Get storage instance and configure it using os.environ values:

>>> from datarobot_storage import get_storage
>>> get_storage()  # doctest: +SKIP
<datarobot_storage.amazon.S3Storage object at 0x100360290>

Use alternative source of configuration, e.g. config.engine.EngConfig in DataRobot monolith:

>>> from config.engine import EngConfig  # doctest: +SKIP
>>> get_storage(config_dict=EngConfig)   # doctest: +SKIP
<datarobot_storage.amazon.S3Storage object at 0x108742680>

Request storage with awaitable methods:

from datarobot_storage import get_async_storage

async def main():
    storage = get_async_storage()
    await storage.list('remote/path/to/file')

It is also possible to manually pick particular storage implementation and instantiate it your way:

import os

from datarobot_storage.amazon import S3Storage
from datarobot_storage.amazon import S3Configuration

# Instantiate configuration from the environment
config = S3Configuration.from_dict(os.environ)

# Permanently disable multipart uploads and downloads
config.multipart_upload_enabled = False
config.multipart_download_enabled = False

# Instantiate storage from custom configuration
storage = S3Storage(storage_config=config)

And in asyncio-compatible way too using make_awaitable helper method:

import os

from datarobot_storage.amazon import S3Storage
from datarobot_storage.amazon import S3Configuration
from datarobot_storage.helpers import make_awaitable

config = S3Configuration.from_dict(os.environ)
storage = make_awaitable(S3Storage(storage_config=config))
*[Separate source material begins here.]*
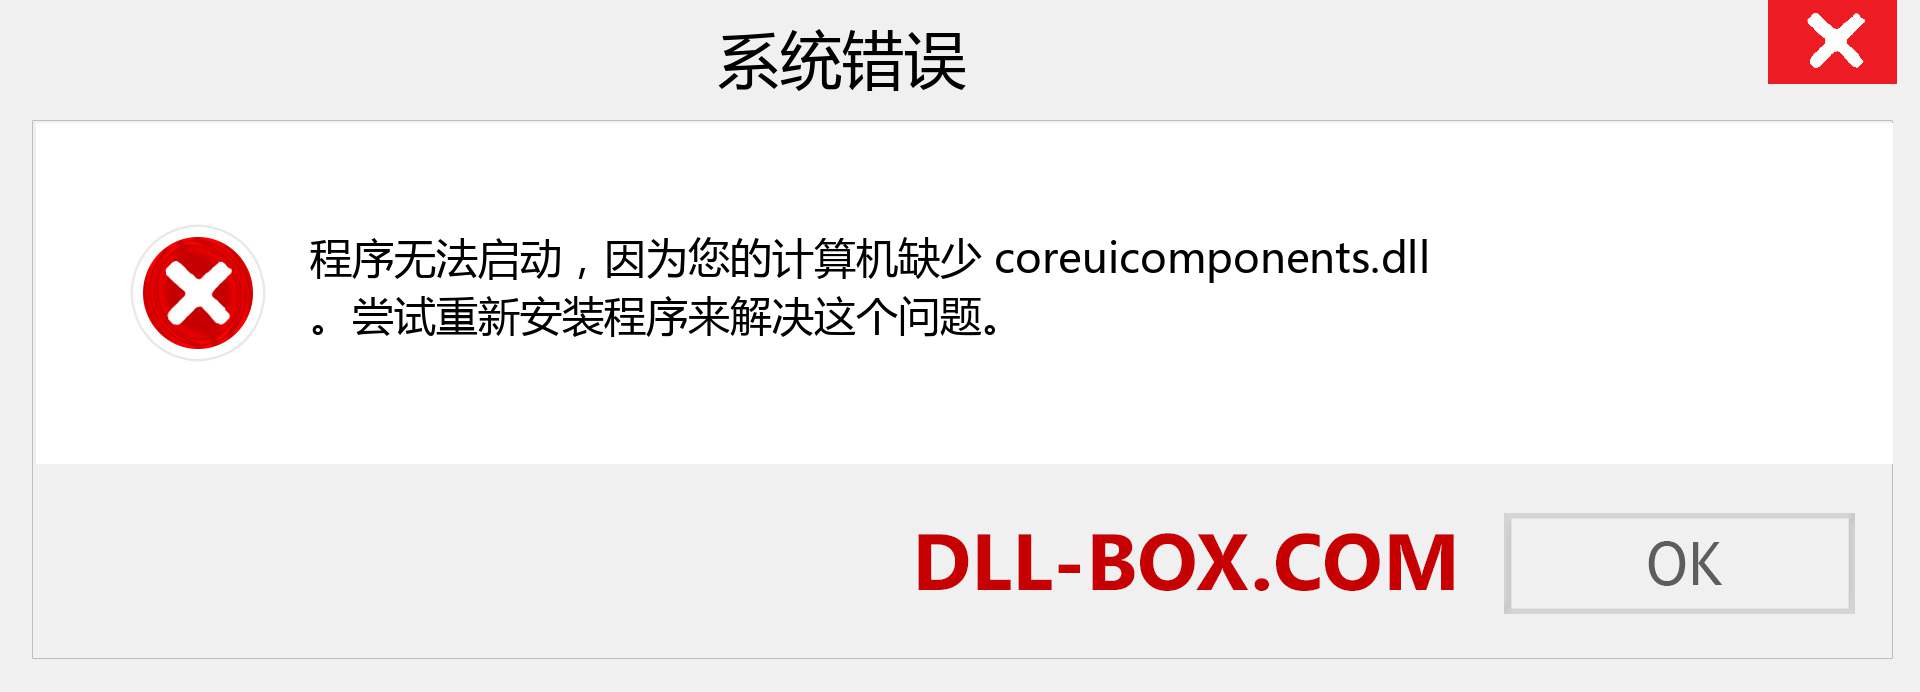 coreuicomponents.dll 文件丢失？。 适用于 Windows 7、8、10 的下载 - 修复 Windows、照片、图像上的 coreuicomponents dll 丢失错误
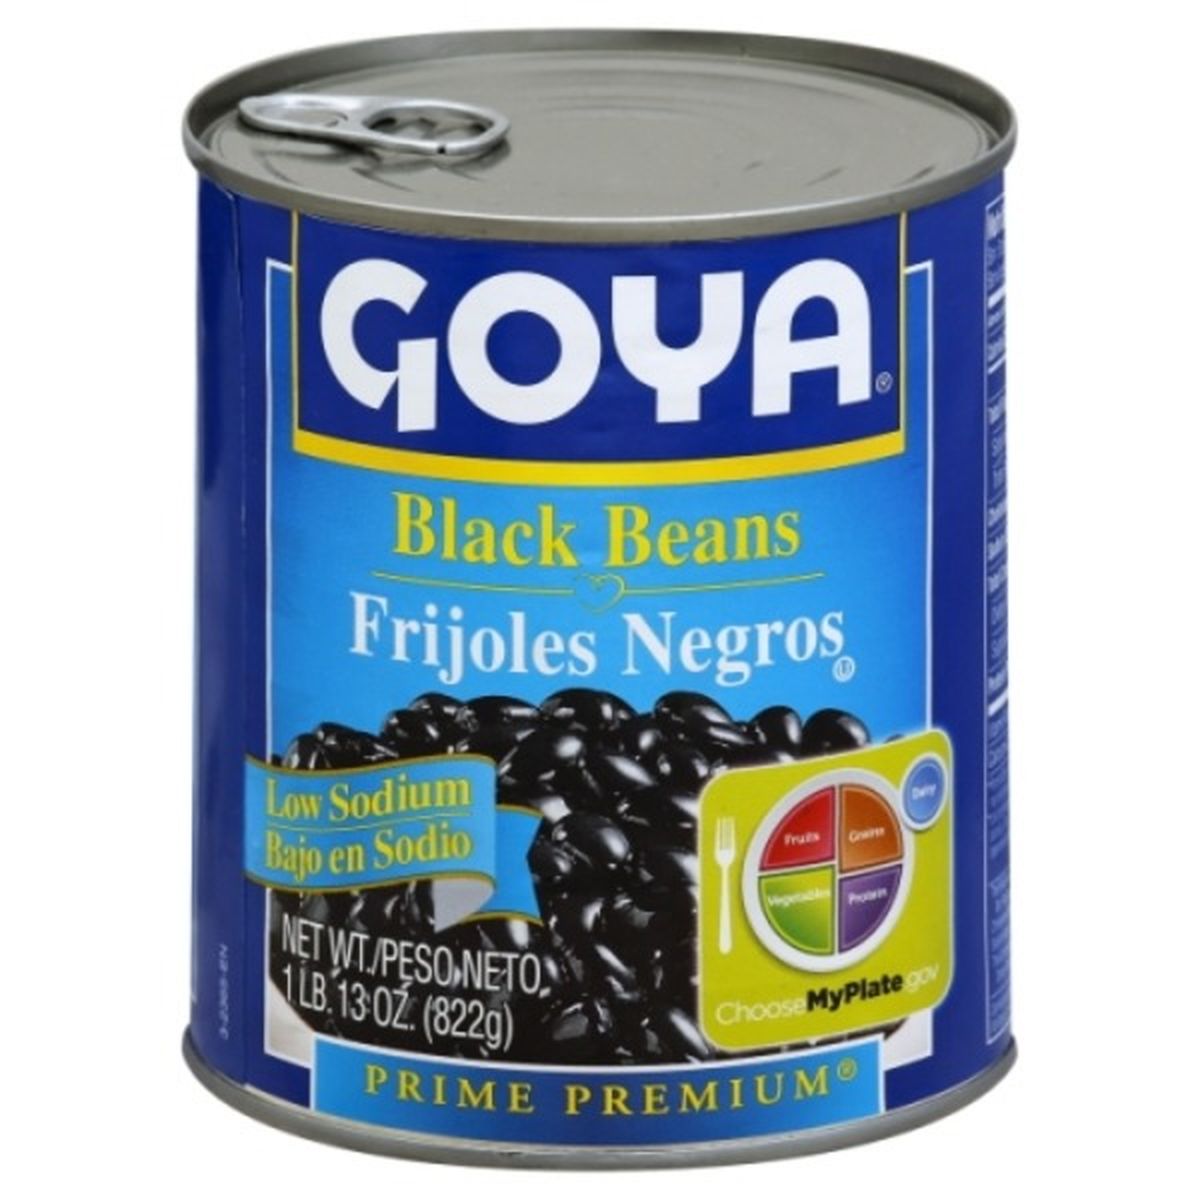 Calories in Goya Prime Premium Black Beans

For more examples, please see the functional test suite: tests/functional/test_storage.py

Command-line Usage

The purpose is to interactive access storage objects from the DataRobot service environment (usually a container running service and having storage access configured through the environment variables). Please check the embedde documentation for detailed reference:

$ python -m datarobot_storage --help
usage: datarobot_storage [-h] [-d] [-v] ACTION ...

DataRobot common storage utility

options:
  -h, --help     show this help message and exit
  -v, --verbose  Print additional info

Available actions:
  ACTION
    list         List remote objects
    delete       Delete single remote object
    get          Download remote object locally
    put          Upload local file to storage

Example of using it to list objects in AWS S3 bucket shrink-clusters-data-rd python under datarobot/mbtest prefix:

$ export AWS_PROFILE=datarobotrd
$ export FILE_STORAGE_TYPE=s3
$ export S3_BUCKET=shrink-clusters-data-rd
$ python -m datarobot_storage list /datarobot/mbtest | head
654238d71975fed77960e223
654498b81975fed7796edec3
654498b81975fed7796edecc
6544b2111975fed7796f7c3e
65450f181975fed77971b01d
654520681975fed77971ff02
6545238e1975fed779720edb
654582961975fed779744c4c
6548b7ff1975fed7797f420a
654aab4a1975fed77989e0a0

Developers

Shall you have any questions regarding development, testing or release process, please see CONTRIBUTING.md

Project details


Download files

Download the file for your platform. If you're not sure which to choose, learn more about installing packages.

Source Distributions

No source distribution files available for this release.See tutorial on generating distribution archives.

Built Distribution

If you're not sure about the file name format, learn more about wheel file names.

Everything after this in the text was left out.